New York — Egyptian authorities should immediately cease detaining and harassing journalists, and allow them to do their jobs, including allowing them to cover street protests, the Committee to Protect Journalists said today.
In the capital today, Egyptian security forces detained at least 33 journalists attempting to cover planned street protests against a deal handing control of two Red Sea Islands to Saudi Arabia, the Egyptian Journalists' Syndicate, the advocacy group Journalists Against Torture Observatory (JATO), and Egyptian news websites reported.

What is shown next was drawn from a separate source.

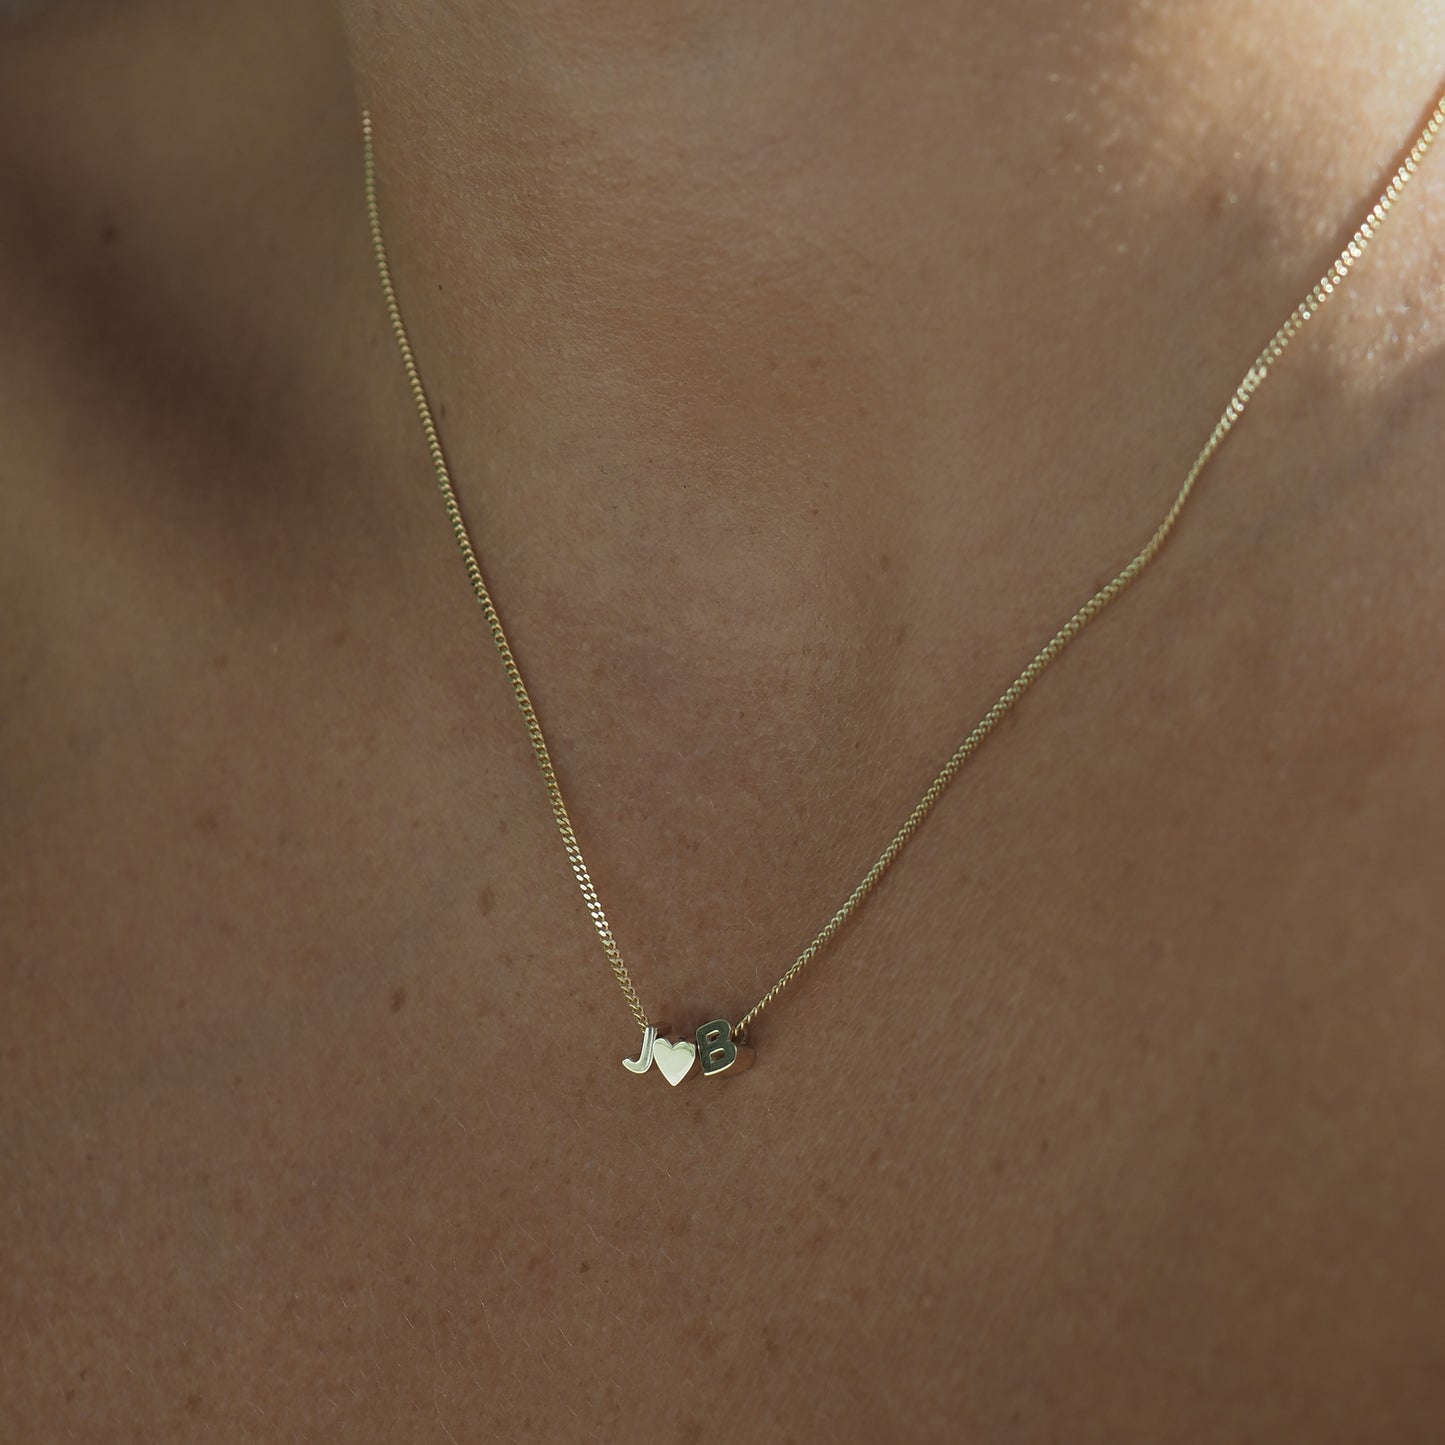 The Tiny Heart Necklace features a gold heart fixed in the centre of a yellow gold chain, personalised with two letters either side of the heart. 
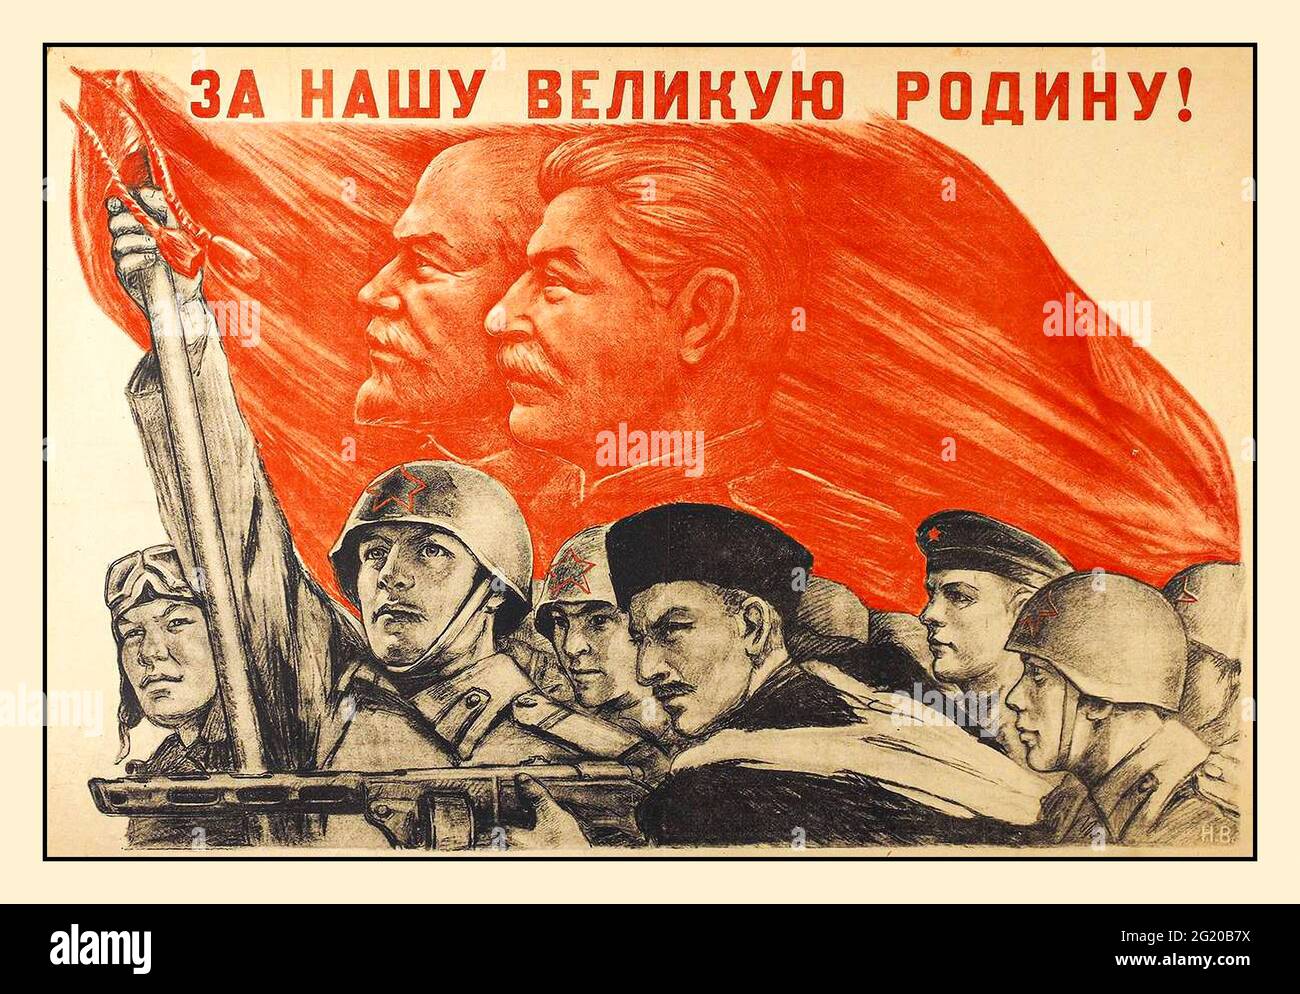 Vintage Russian Soviet WW2 Propaganda Poster FOR OUR GREAT HOMELAND !,  A 1944 Soviet Propaganda Poster World War II 1944 featuring Lenin and Stalin on a red banner flag, with Russian fighting forces illustrated in foreground. Artist Nina Vatolina Russian, Stock Photo

Of the at least 33 journalists reported detained, only two remained in detention at the time of publication, according to those groups and news reports.
"Egyptian authorities appear determined to prevent any protests and any mention of their forcibly dispersing those protests," CPJ Middle East and North Africa Program Coordinator Sherif Mansour said from Washington. "Rather than repeating its predecessors' mistake of trying to silence dissent, the government should ensure reporters can do their jobs safely and without fear of reprisal."
Security forces detained at least 17 journalists in downtown Cairo, where military and police conducted sweeps to detain potential demonstrators and to close streets leading to the site of a planned protest at the Journalists' Syndicate, according to press and advocacy group accounts. Among those detained in central Cairo were eight members of a crew for the broadcaster ONTV; Dot Masr news website producer Mohamed Elsawy and writer Basma Mostafa; El-Tareeq news website manager Mostafa Reda and editor Hesham Mostafa; Al-Shorouk daily newspaper editors Ahmed Al-Bardini and Mohamed Magdi; ONA news agency correspondent Omar Abdel Nasser; Assafir newspaper correspondent Mazen Helmi; and Shams Nabil, a photographer for the news website Al-Mesryoon, who was still in custody at the time of publication, according to JATO.
At least 16 journalists were detained while covering protests at the headquarters of the opposition Al-Karama Party in Giza, across the Nile River from Cairo, according their employers and JATO. The list include 13 local journalists: Hadi Al-Desouki and Yehia Morsi, of the daily newspaper Al-Akhbar; Hesham Mohamed, a photographer for the daily newspaper Al-Watan; photographer Mohamed Adli and editors Mohamed Shehata and Ahmed El-Refae, all of the daily newspaper Sawt Al-Umma; Al-Wafd daily newspaper editors Khaled Ammar and Mohamed Gamal Desouki; El-Fagr news website editor Mohamed al-Mosalami and photographer Ali Abdeen; Sada El-Balad news website photographer Amr Sayed; ONA news agency editor Omar Gamal; and Amin Amr Amin, an editor for Al-Mesryoon, who was still in custody at the time of publication, according to JATO.
Three international journalists were also detained in the area, according to their social media accounts and JATO: French freelance journalist Jenna Le Bras; Danish freelance journalist Stefan Weichert; and Norwegian freelance journalist Harald Christian Hoff.
Police harassed and briefly detained at least eight journalists when similar protests were planned on April 15. Egypt was the second worst jailer of journalists worldwide in 2015, according to CPJ's prison census.